Will you be able to live independently in your current home or a home of your choice? How do you prefer to get information about services and community resources? Aging and Disability Services — the Area Agency on Aging for Seattle & King County — wants to know! You can help by taking the community survey at surveymonkey.com/r/V5WKDF8. This survey is for adults (age 18+), not just older adults or others who already use their services. Share the link with family, friends, neighbors, and colleagues of all backgrounds. The survey is available until the end of July. For alternative formats or other languages, e-mail aginginfo@seattle.gov.

10 Replies to "'What challenges do you think you'll have as you get older?'"

  • West Seattle Hipster July 11, 2018 (11:59 am)

    Being taxed out of my home by city “leadership” is my main concern as I grow older.

    • Dede July 11, 2018 (7:26 pm)

      I recently received a foreclosure notice for our home. I called the King County Tax department and talked to a very nice person who helped me solve the problem. She sent me forms  to fill out which contained a long list of required items.I’m still gathering documents. Some requirements:Someone in the house must be over 61, someone disabled, and your income must be under $40,000. Also, if you are old enough you become exempt from property taxes. I’m 73 so that was rocking good news.Good luck. 
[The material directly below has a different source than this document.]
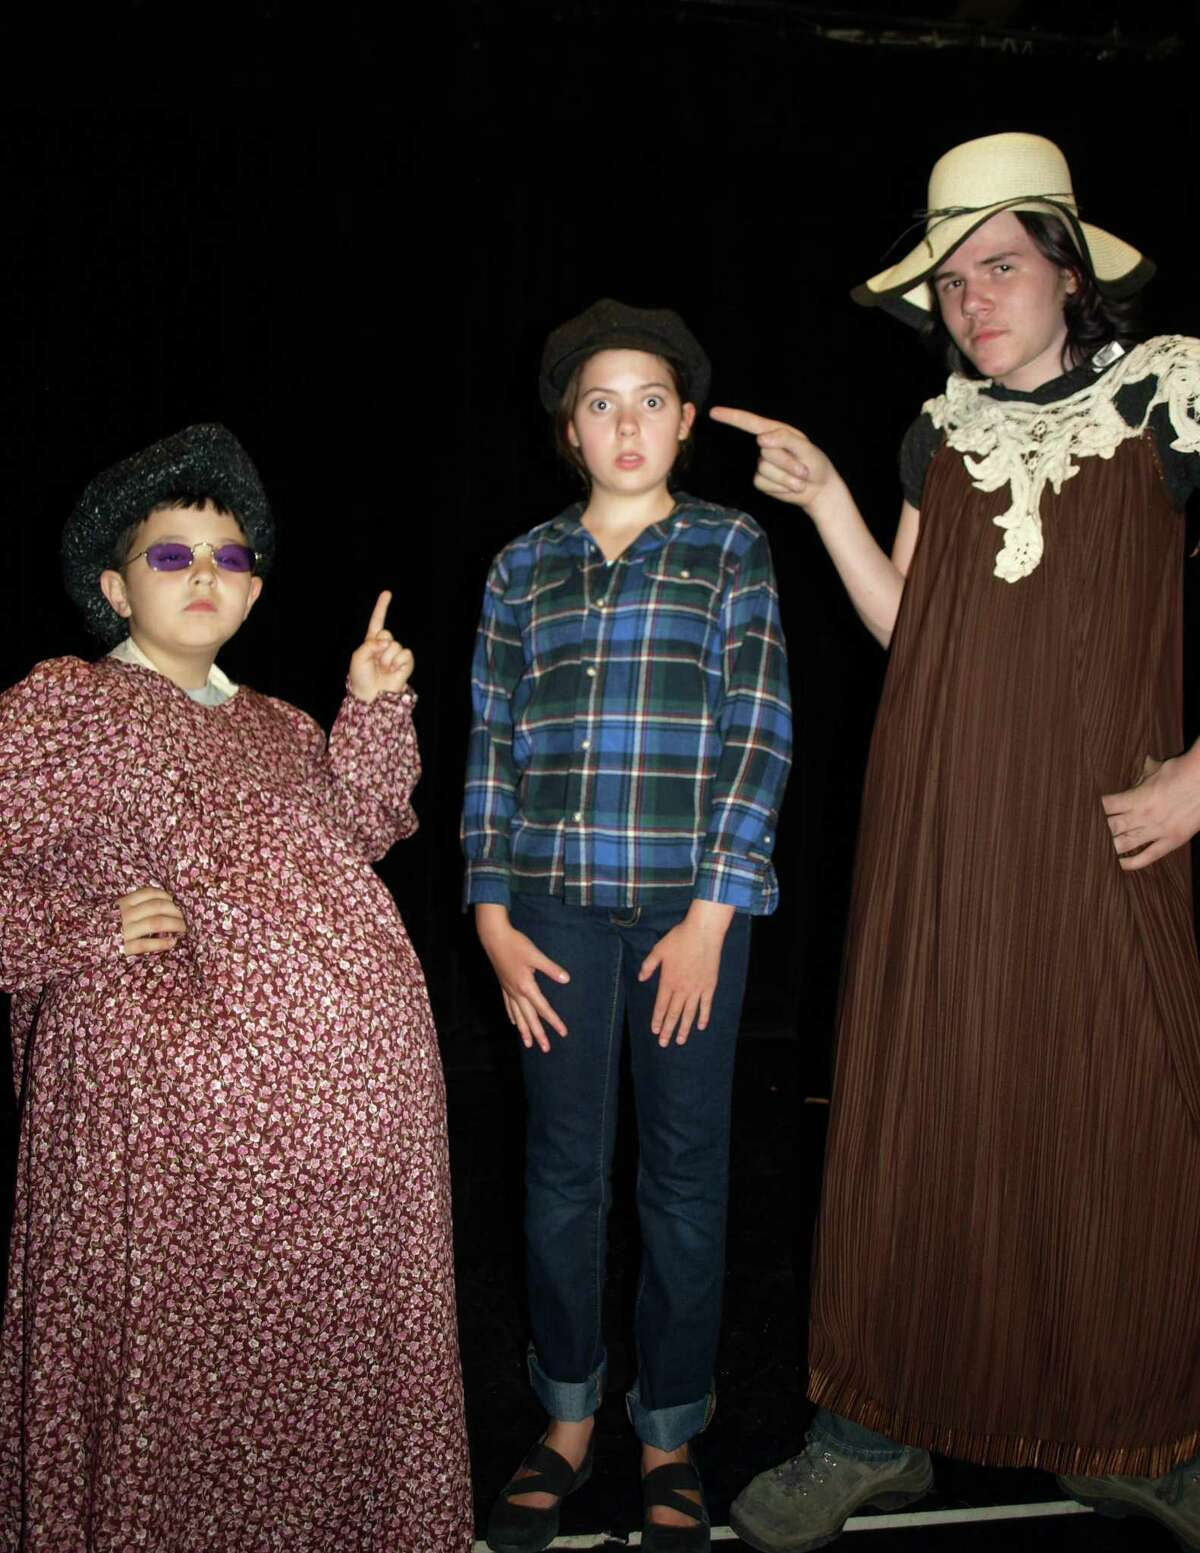 James, center, played by Lilly Tobin, is admonished for failing to week the entire garden by Aunt Sponge (left) Elisha Boguslavskiy, and Aunt Spiker Sam Bemis.

  • Swede. July 11, 2018 (2:40 pm)

    Staying in ‘my’ home won’t be a problem, since buying one haven’t been possible for many years. As a blue collar worker I’ve ‘enjoyed’ pay ‘raises’ less than inflation but home prices increased several hundred percent in this region. 

  • flimflam July 11, 2018 (4:23 pm)

    paying property taxes….

  • ST made me homeless in Seattle July 11, 2018 (7:20 pm)

    ST light rail forcing me out of my home will be what prevents me from aging at home in Seattle.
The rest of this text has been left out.